Data Type	Data Rate	Storage Needed (1 hour)	Recommended Storage
Log files	~1 MB/s	~3.6 GB	eMMC
720p video	~5 MB/s	~18 GB	NVMe
1080p video	~15 MB/s	~54 GB	NVMe
Point cloud data	~10 MB/s	~36 GB	NVMe
rosbag recording	~50 MB/s	~180 GB	NVMe

Memory-Mapped I/O (MMIO)

Principles

In ARM architecture, peripheral registers are mapped to the memory address space. The CPU controls hardware by reading from and writing to specific addresses:

Memory Address Space:
0x0000_0000 - 0x1FFF_FFFF : Flash (program code)
0x2000_0000 - 0x3FFF_FFFF : SRAM (data)
0x4000_0000 - 0x5FFF_FFFF : Peripheral registers (MMIO)
    0x4000_0000 : TIM2 (timer)
    0x4000_1000 : TIM3
    0x4000_4400 : USART2
    0x4001_0000 : GPIOA
    ...
0xE000_0000 - 0xFFFF_FFFF : System peripherals (NVIC, SysTick)

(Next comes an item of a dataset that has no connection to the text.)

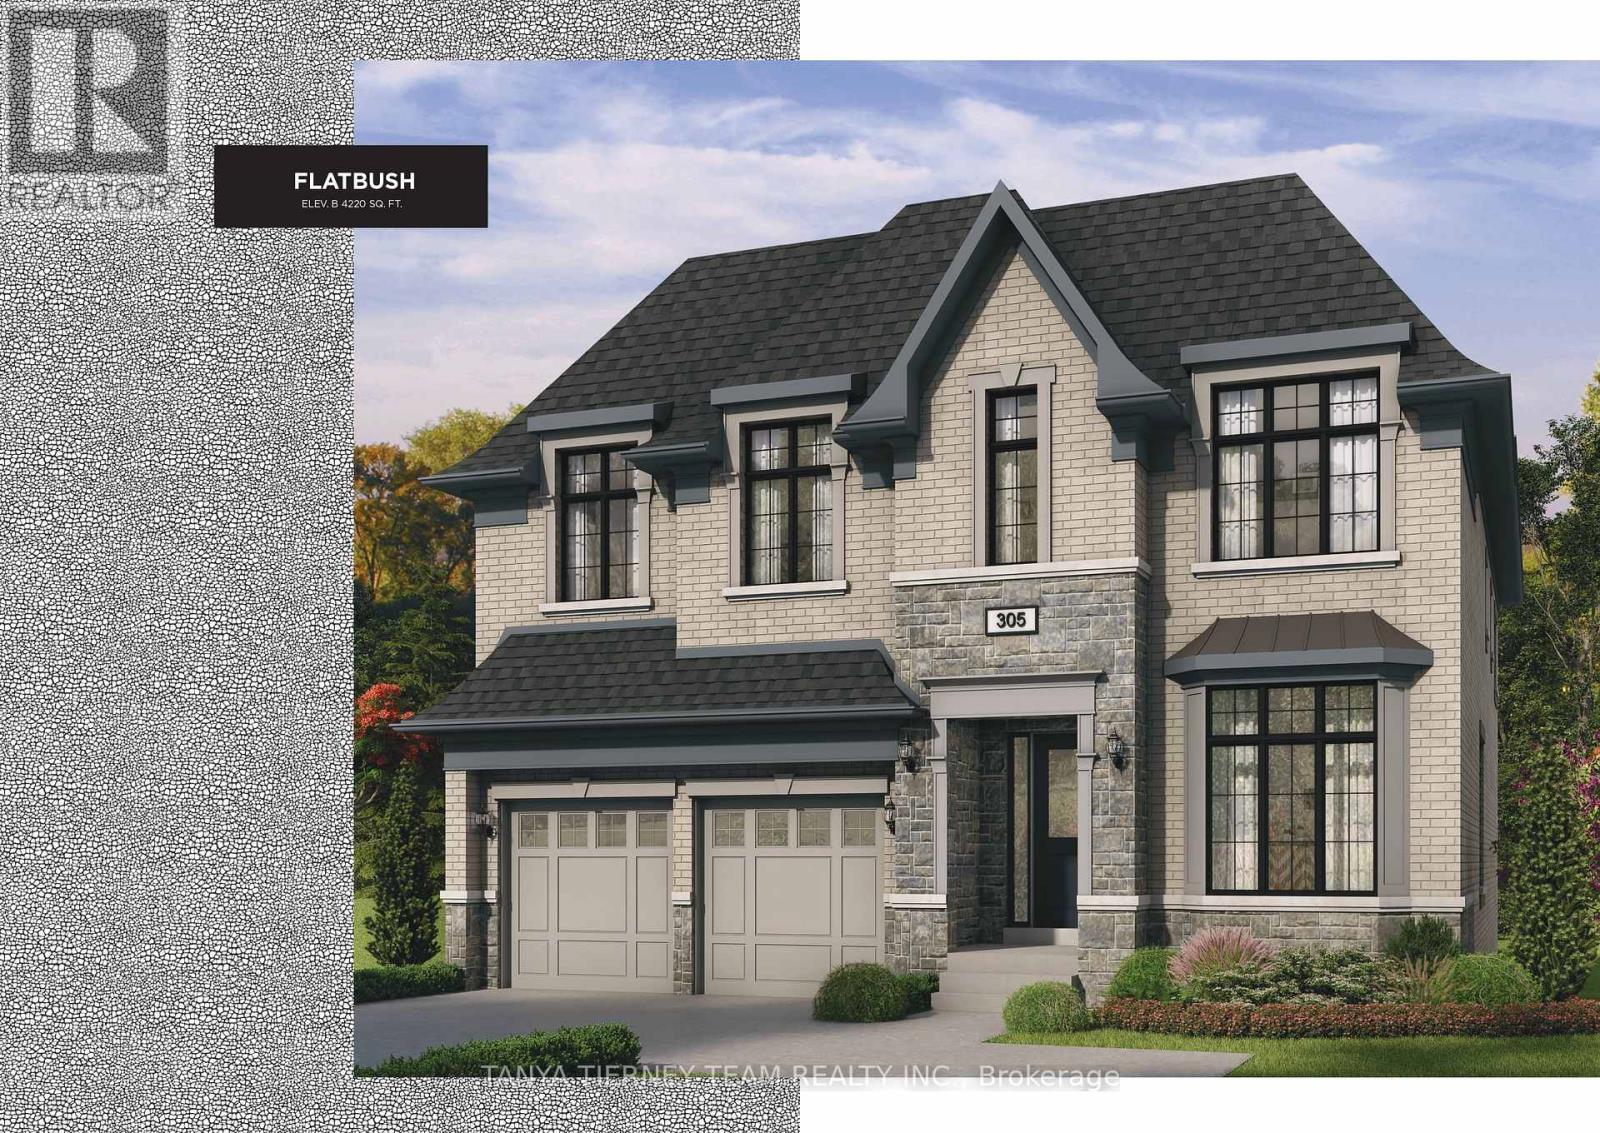 50 CARNWITH DR W located in Whitby, Ontario

Accessing Hardware in Linux

// Accessing physical addresses via mmap in Linux
#include <sys/mman.h>
#include <fcntl.h>

int fd = open("/dev/mem", O_RDWR | O_SYNC);
volatile uint32_t* gpio = (uint32_t*)mmap(
    NULL, 4096, PROT_READ | PROT_WRITE, MAP_SHARED,
    fd, GPIO_BASE_ADDR
);

// Set GPIO output
gpio[GPIO_SET_OFFSET/4] = (1 << pin);

Security Considerations

Directly accessing /dev/mem requires root privileges and poses security risks. In production systems, hardware should be accessed through device drivers or the sysfs interface.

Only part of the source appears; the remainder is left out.